« Quelque part en Afghanistan ou ailleurs ». C’est par cette indication contextuelle fortement porteuse de significations que débute le dernier opus d’Atiq Rahimi, lequel lui a valu l’attribution du Prix Goncourt fin 2008.
Les premières pages nous font pénétrer dans un univers oppressant mais cependant inspiré d’une réalité. En dépit du sujet terrible de cet ouvrage – la lutte désespérée, l’attente d’une femme qui veille son mari devenu paralytique à la suite d’un accident de guerre – le lecteur plonge in media res dans un univers de couleurs, de formes et de saveurs poétiques et symboliques. Le résultat de ce contraste est saisissant : si le sujet est incroyablement violent, le lecteur n’en est pas moins envoûté par la prose ciselée de l’auteur, les inclusions de pensée orientale, et plus encore peut-être par l’acuité d’un regard qui émerge du confluent de l’Orient et de l’Occident. Syngué Sabour, Pierre de patience, référence à la Pierre Noire de La Mecque, est un livre sombre certes, mais qui a tout d’une pièce d’orfèvrerie.
Des personnages sans nom. Comme tant d’autres qui demeureront anonymes. Des hommes qui se battent dans la ville. Qui tirent. Qui tuent. La vie qui n’est plus désormais cadencée que par les bombes et les prières. Et puis une femme. Elle égrène son chapelet en récitant les quatre-vingt dix-neuf noms du Seigneur au rythme de la respiration de son époux plongé dans le coma d’une balle dans la nuque. Son combat à elle, voilà des années qu’elle le mène. Pour survivre dans cette société d’hommes, où toute femme n’est par essence qu’un corps voué à donner du plaisir et engendrer la vie. Condamné au silence pour éviter le déshonneur, voire même la mort, et n’y tenant plus, ce corps de femme va peu à peu tenter de libérer son esprit. Envers et contre tout, dans un formidable instinct de survie, elle va, pour la première et ultime fois, refuser ce silence qui l’étouffe depuis trop longtemps pour imposer à son mari sa propre aliénation. L’homme devient alors sa Syngué Sabour. En effet, la mythologie perse fait mention d’une « pierre de patience », matérialisée par la pierre de la Kaaba . Qui le désire peut lui confier ses souffrances, mais également ses plus inavouables secrets. Telle une éponge, la pierre absorbe, absorbe… jusqu’à exploser. A ce moment-là, c’est la délivrance. Alors, le couple entre malgré Lui dans une dialectique presque hegelienne…
La femme jouit désormais – et pour la première fois peut-être – à travers son discours résolument iconoclaste mais hurlant aussi sa douleur et le caractère abject des hommes, d’un pouvoir. Il n’est homme, il n’est puissant, que parce qu’elle est femme. Cette prise de conscience effective, la Liberté peut alors émerger. Désormais, elle réalise qu’elle a aussi un pouvoir sur lui, qu’il dépend d’elle d’une certaine façon, en ce qu’elle est nécessaire à sa survie et au maintien de sa condition. Elle va alors se livrer, intimement, et dévoiler l’inavouable. Cela dit, ses révélations sont dénuées de toute perversion ; elle ne souhaite nullement lui faire à son tour éprouver la même douleur ; tout ce qui lui importe, c’est sa libération ultime à elle et elle seule. Cette libération surviendra enfin, terrible et brutale. Mais n’était-ce pas finalement la seule voie possible ?

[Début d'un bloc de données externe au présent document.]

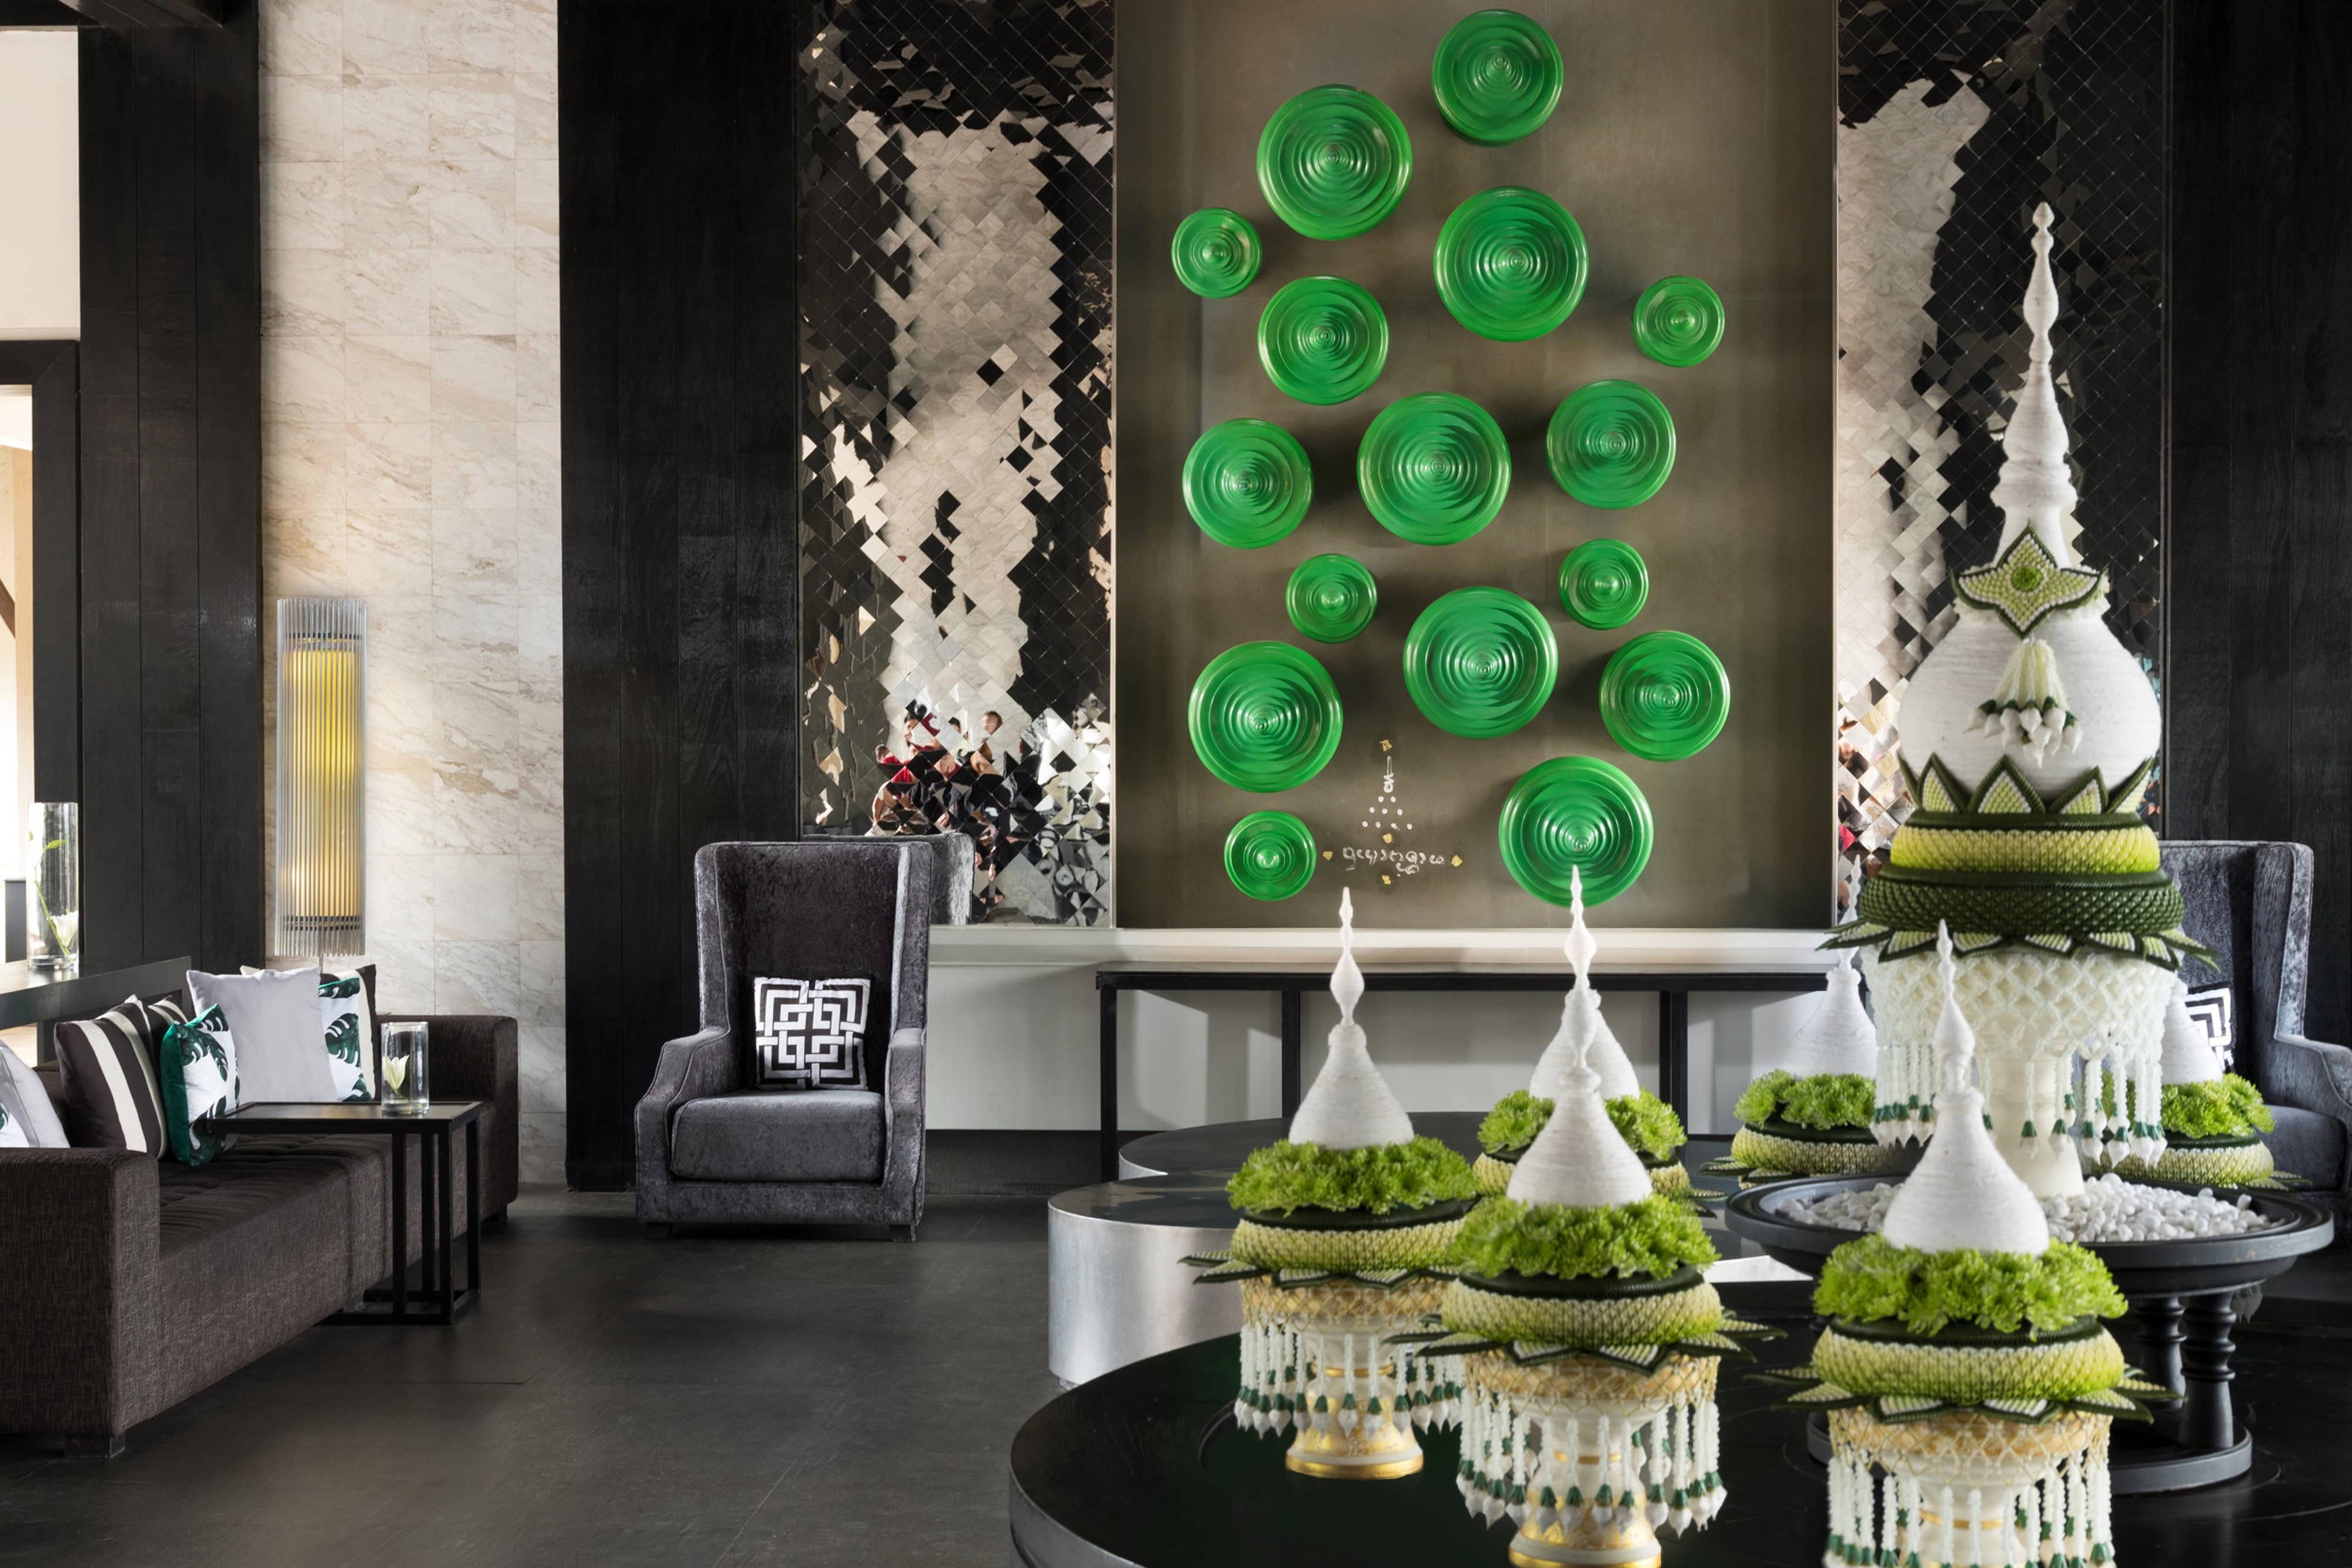 Hotel Lobby Ceremonial Monk Bowls

Au terme de cet ouvrage, plusieurs interprétations sont bien entendu envisageables. Syngue Sabour expose peut-être une impossible tentation de l’Infini, notamment à travers l’opposition centrale entre le physique, le corps, et l’immatériel : cette délivrance tant désirée. La pensée qui nous est donnée à lire, notamment au travers des exemples empruntés aux récits orientaux, est certes déroutante mais également emplie de lucidité. Par sa prose toute en sobriété, phrases brèves et épurées, respiration tantôt soupirante, tantôt haletante, Atiq Rahimi laisse son texte prendre sens : en dépit de l’atrocité des faits mentionnés, l’auteur nous invite à porter sur le Monde un « regard poétique », distanciation qui ne saurait nous faire oublier de prendre mesure de l’inhumaine réalité.
Atiq Rahimi, Syngué sabour, pierre de patience, P.O.L, Paris 2008, 15euros.